Bibliographic Metadata

Title
Deep Neural Networks für Spracherkennung
Additional Titles
Deep Neural Networks for Speech Recognition
AuthorEnsor, Alice
Thesis advisorSchefer-Wenzl, Sigrid
Published2018
Date of SubmissionMarch 2018
LanguageEnglish
Document typeBachelor Thesis
Keywords (DE)Nicht verfügbar
Keywords (EN)Artificial Neural Network / Automatic Speech Recognition / Acoustic Model / Activation Functions / Backpropagation / Convolutional Neural Network / Cost Functions / Deep Neural Networks / Feedforward Neural Networks / Gradient Descent / Hidden Markov Model / Language Model / Long Short-Term Memory / Markov Chains / Multilayer Perceptrons / Pooling / Recurrent Neural Networks / Rectified Linear Unit / Sigmoidal Non-Linear Activation Function / Word Error Rate
Restriction-Information
 _
Classification
Abstract (German)

Nicht verfügbar

Abstract (English)

This bachelor thesis examines deep neural networks (DNNs) and their use in automatic speech recognition (ASR) systems. This is done to evaluate the feasibility of implementing such ASR systems in educational applications to help children with reading difficulties. To aid these children, educators need interactive software that employs automatic speech recognition (ASR) to provide necessary feedback to a child’s reading attempts. However, most reading applications used in schools employ outdated ASR based on statistical models which is unable to reach the level of accuracy seen in DNN-based speech recognition found in commercial applications.
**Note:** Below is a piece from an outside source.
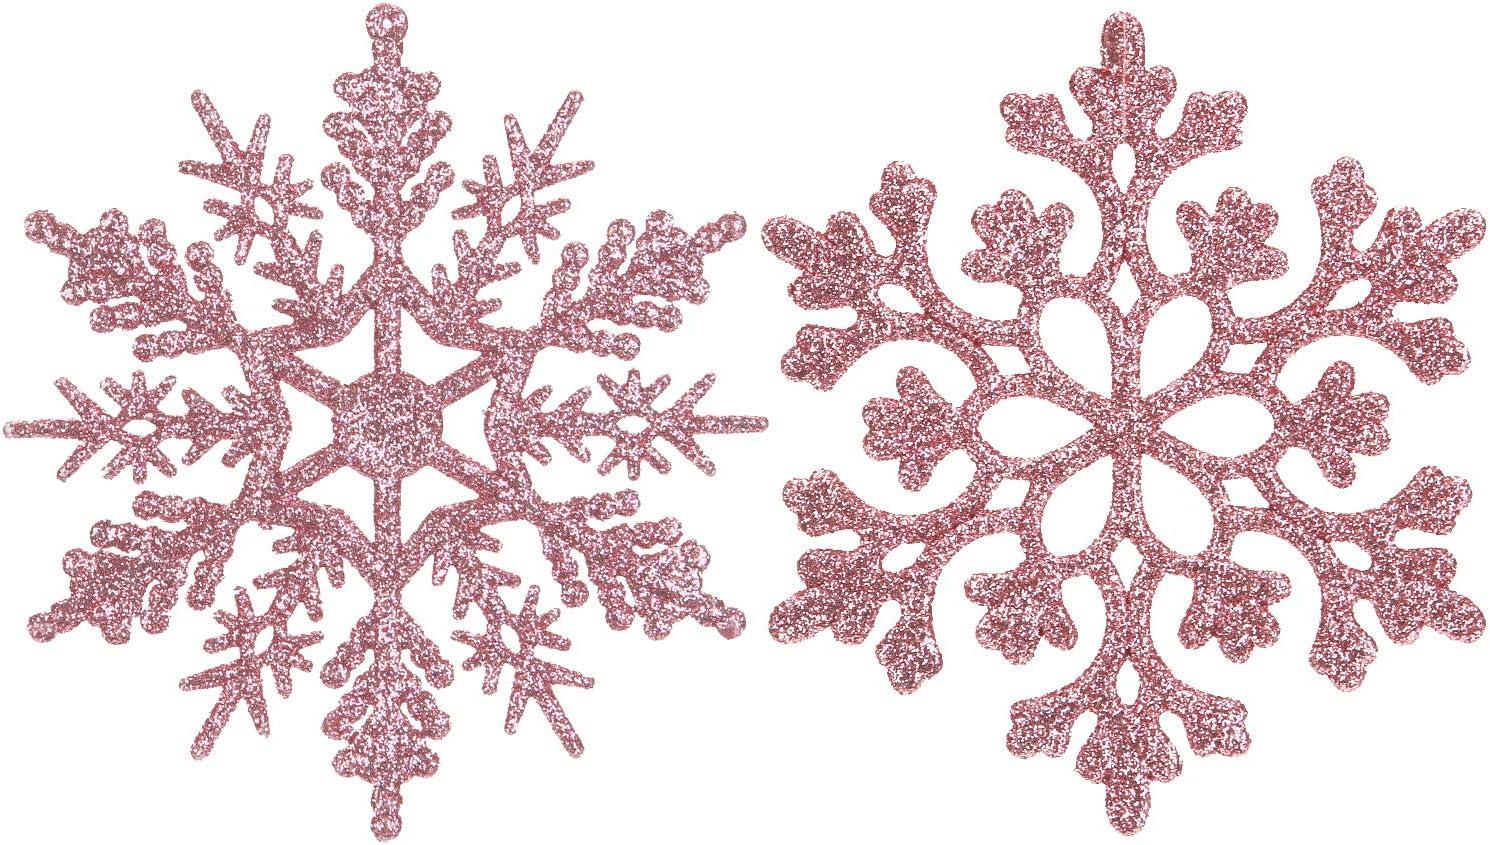 Sea Team Plastic Christmas Glitter Snowflake Ornaments Christmas Tree Decorations, 4-inch, Set of 36, Pink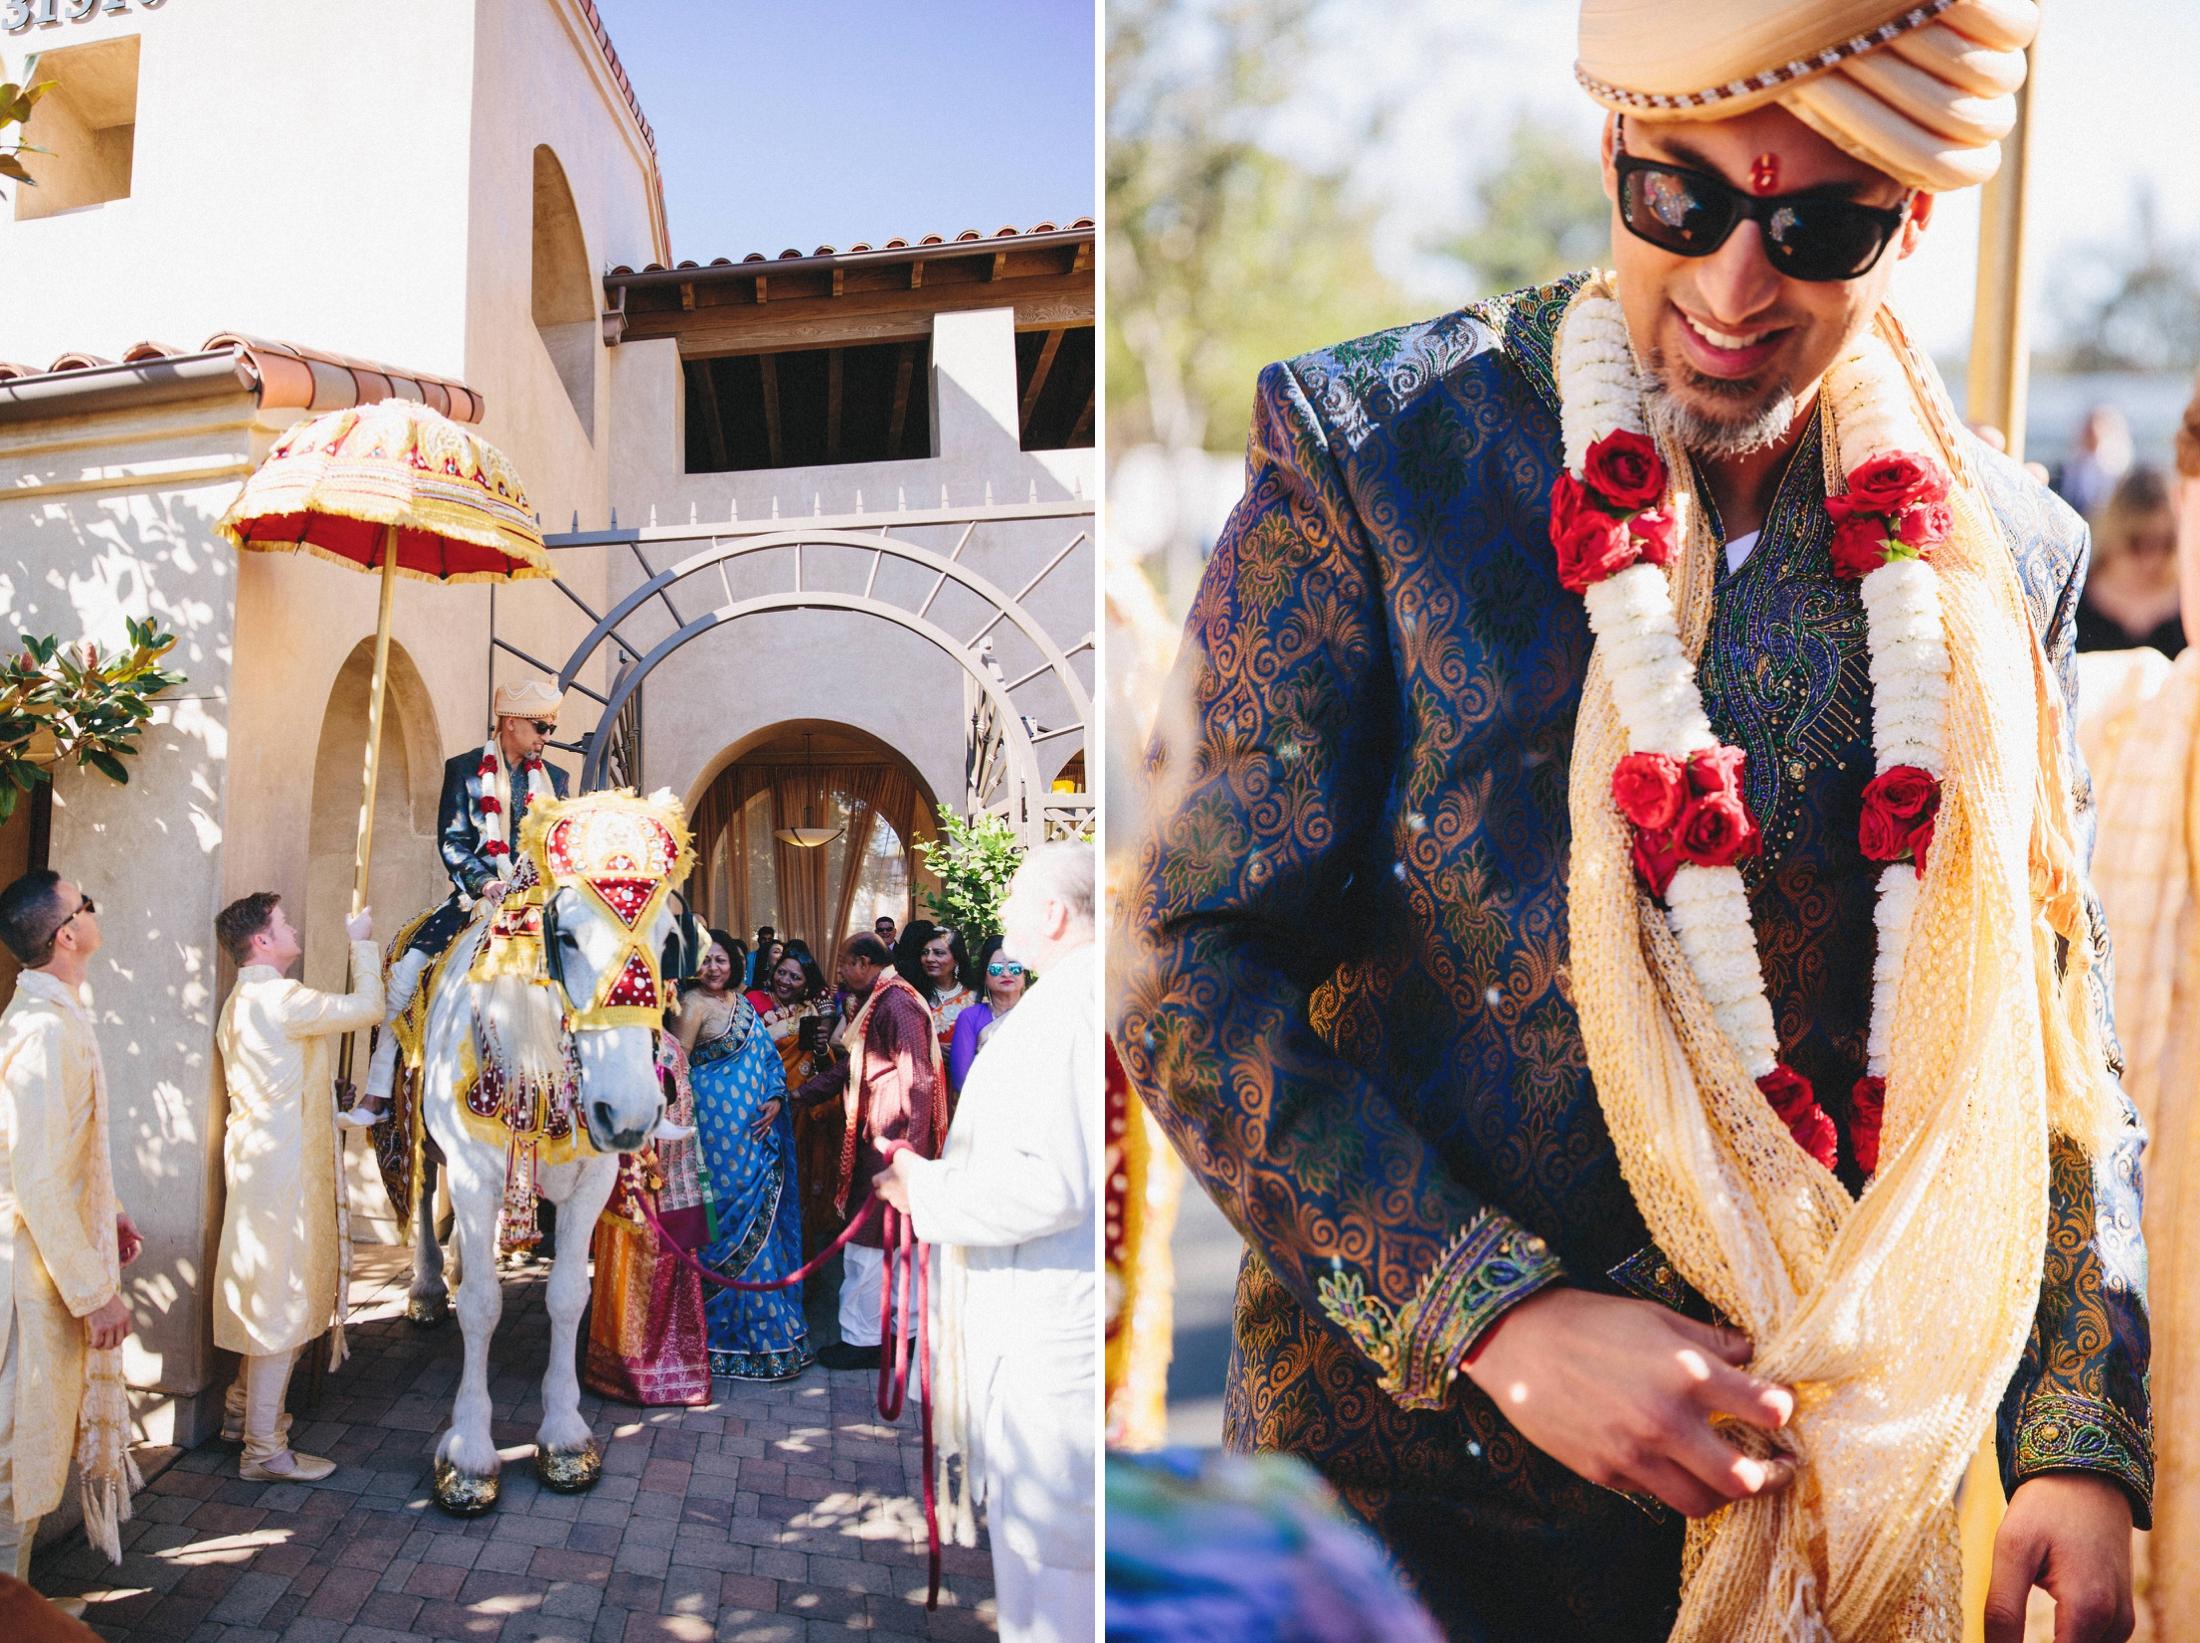 Modern-Indian-Serra-Plaza-wedding-036.jpg

Most ASR systems used with educational reading software employ a Gaussian Mixture Model (GMM) with a Hidden Markov Model (HMM) to perform acoustic modeling. One of the problems with GMMs is that they have difficulty modeling data constructs found on nonlinear manifolds, which is common with speech data. DNNs are more effective at modeling such constructs. This means the accuracy of ASR systems can be vastly improved by replacing the GMMs with DNNs. Furthermore, because of long short-term memory (LSTM) networks’ ability to represent temporal constructs and the existence of large libraries of labelled speech data, it is even possible to have DNNs replace the entire ASR pipeline. Research has shown that both above configurations outperform GMM-HMM ASR with the same amount of training data, with many DNN ASR systems even approaching parity with human transcribers. The goal of this paper is to examine published research and academic works to provide a theoretical background for implementing an educational reading application with DNN-based ASR. This application will be realized in the second part of this author’s bachelor thesis.